Les Godelureaux (Claude Chabrol / France, 1961):

The ancient bacchanalia of the Now, "to each age its pleasures." Les Dames du Bois de Boulogne ca. 1961, the fateful proclamation ("Je me vengerai") comes in the wake of a brush between strangers at a sidewalk café. The florid sybarite (Jean-Claude Brialy) declares war on the callow fancy-pants (Charles Belmont) who stole his parking spot, his weapon is a bodacious "miracle": An indoor pyre dissolves to Bernadette Lafont strolling down the street, quite the debauched Modigliani. "For an eye, the face... Let us compose our smile." Between Tashlin and Polanski, Claude Chabrol at his most extravagantly sulfuric.

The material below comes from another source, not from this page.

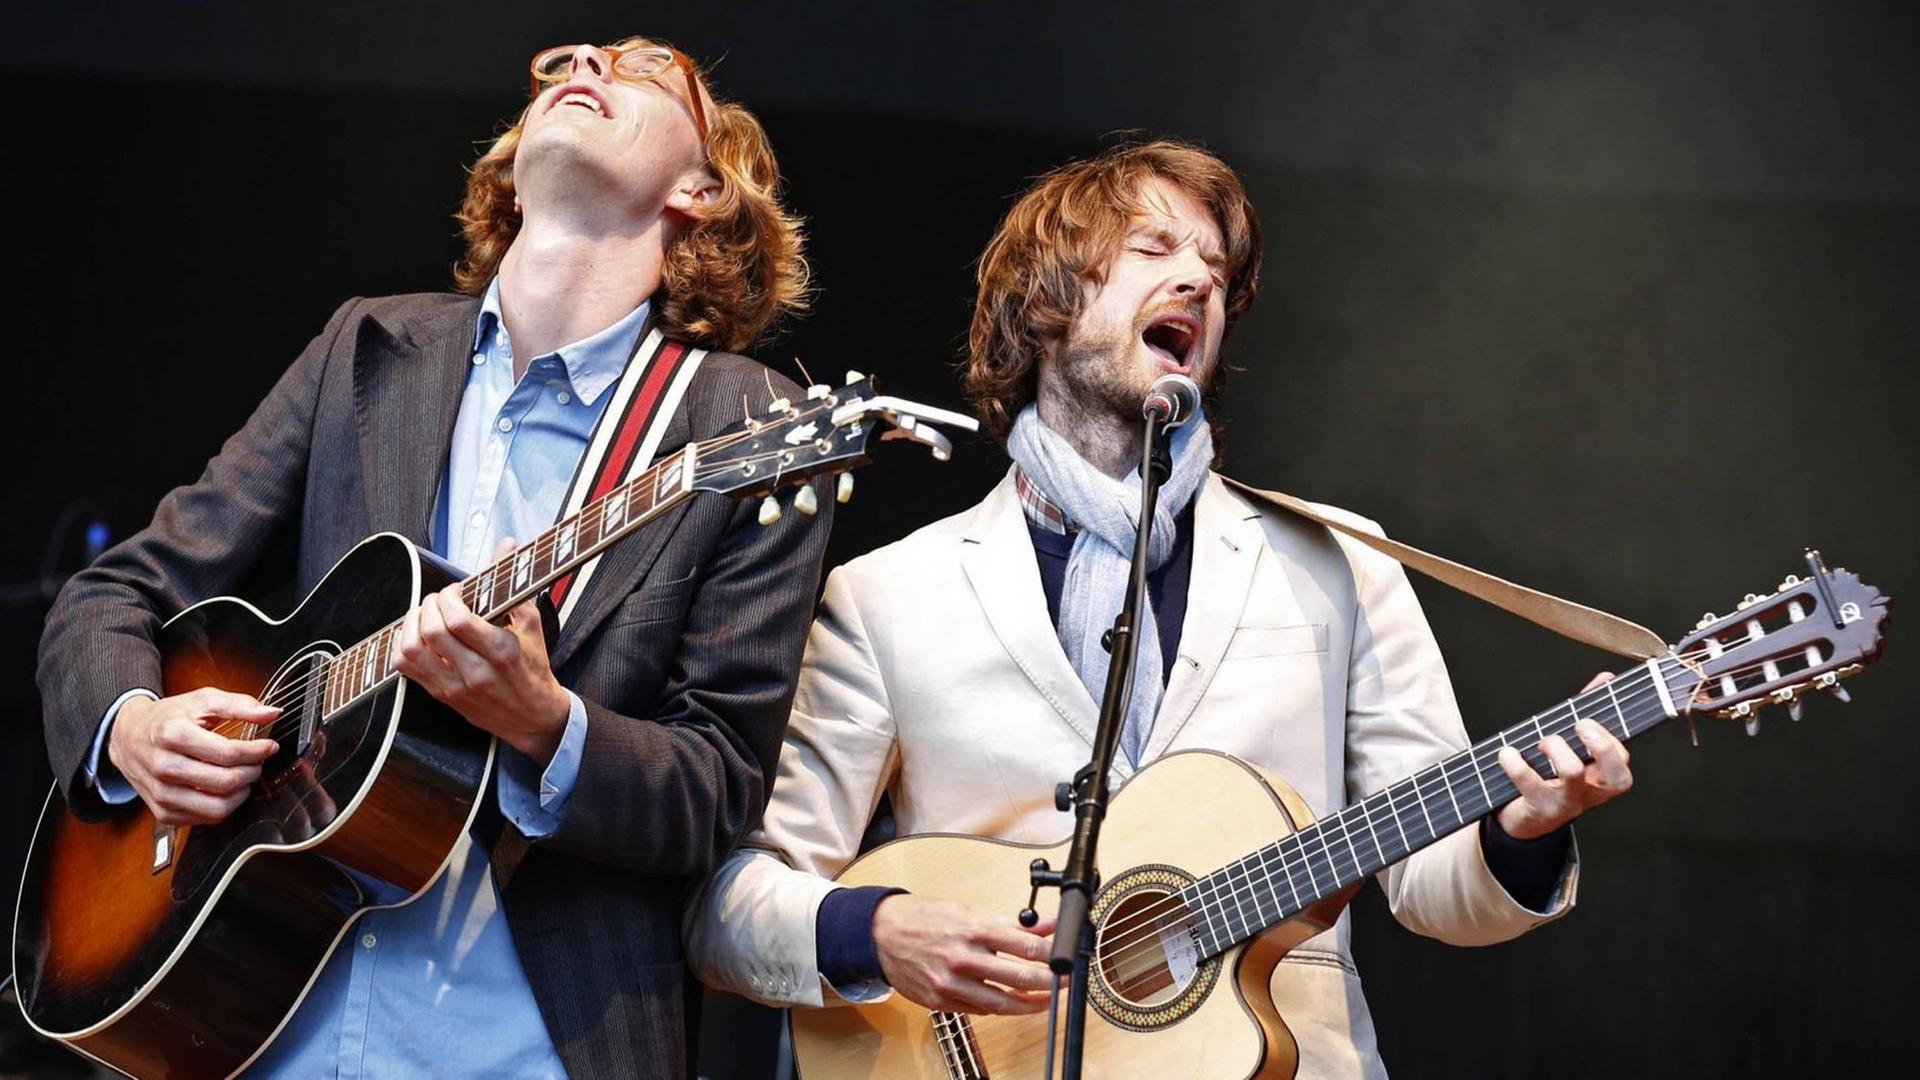 Die beiden Musiker des Duos Kings of Convenience mit Gitarre auf der Bühne.

Very much an act of vandalism against the bourgeoisie's sundry "farceurs, fantômes, fantoches, cadavres," with sneezing powder for art galleries and smoke bombs for charity events. And yet, the sharpest knives are reserved for the protagonists, guerilla dandies who cultivate vengeful fantasies only to be rewarded with their first pangs of sadness. (Dress it in Roman togas and adorn it with grinning masks, sterile degeneracy still gets a pie in the face.) Rooms chocked with cages and objets d'art, Stéphane Audran's raven-haired strip, the empty baby carriage hurled down a flight of stairs, a gleaming stream of Daumier caricatures, a malevolent foretaste of Jules and Jim. "One must not permit oneself excesses..." Among Chabrol's most abstruse works, yet there it is on Godard's "Six Best French Films since the Liberation." It ends by the sea's edge between disillusion and illumination, Les Biches on the horizon. With André Jocelyn, Jean Galland, Sacha Briquet, Jean Tissier, and Laura Carli. In black and white.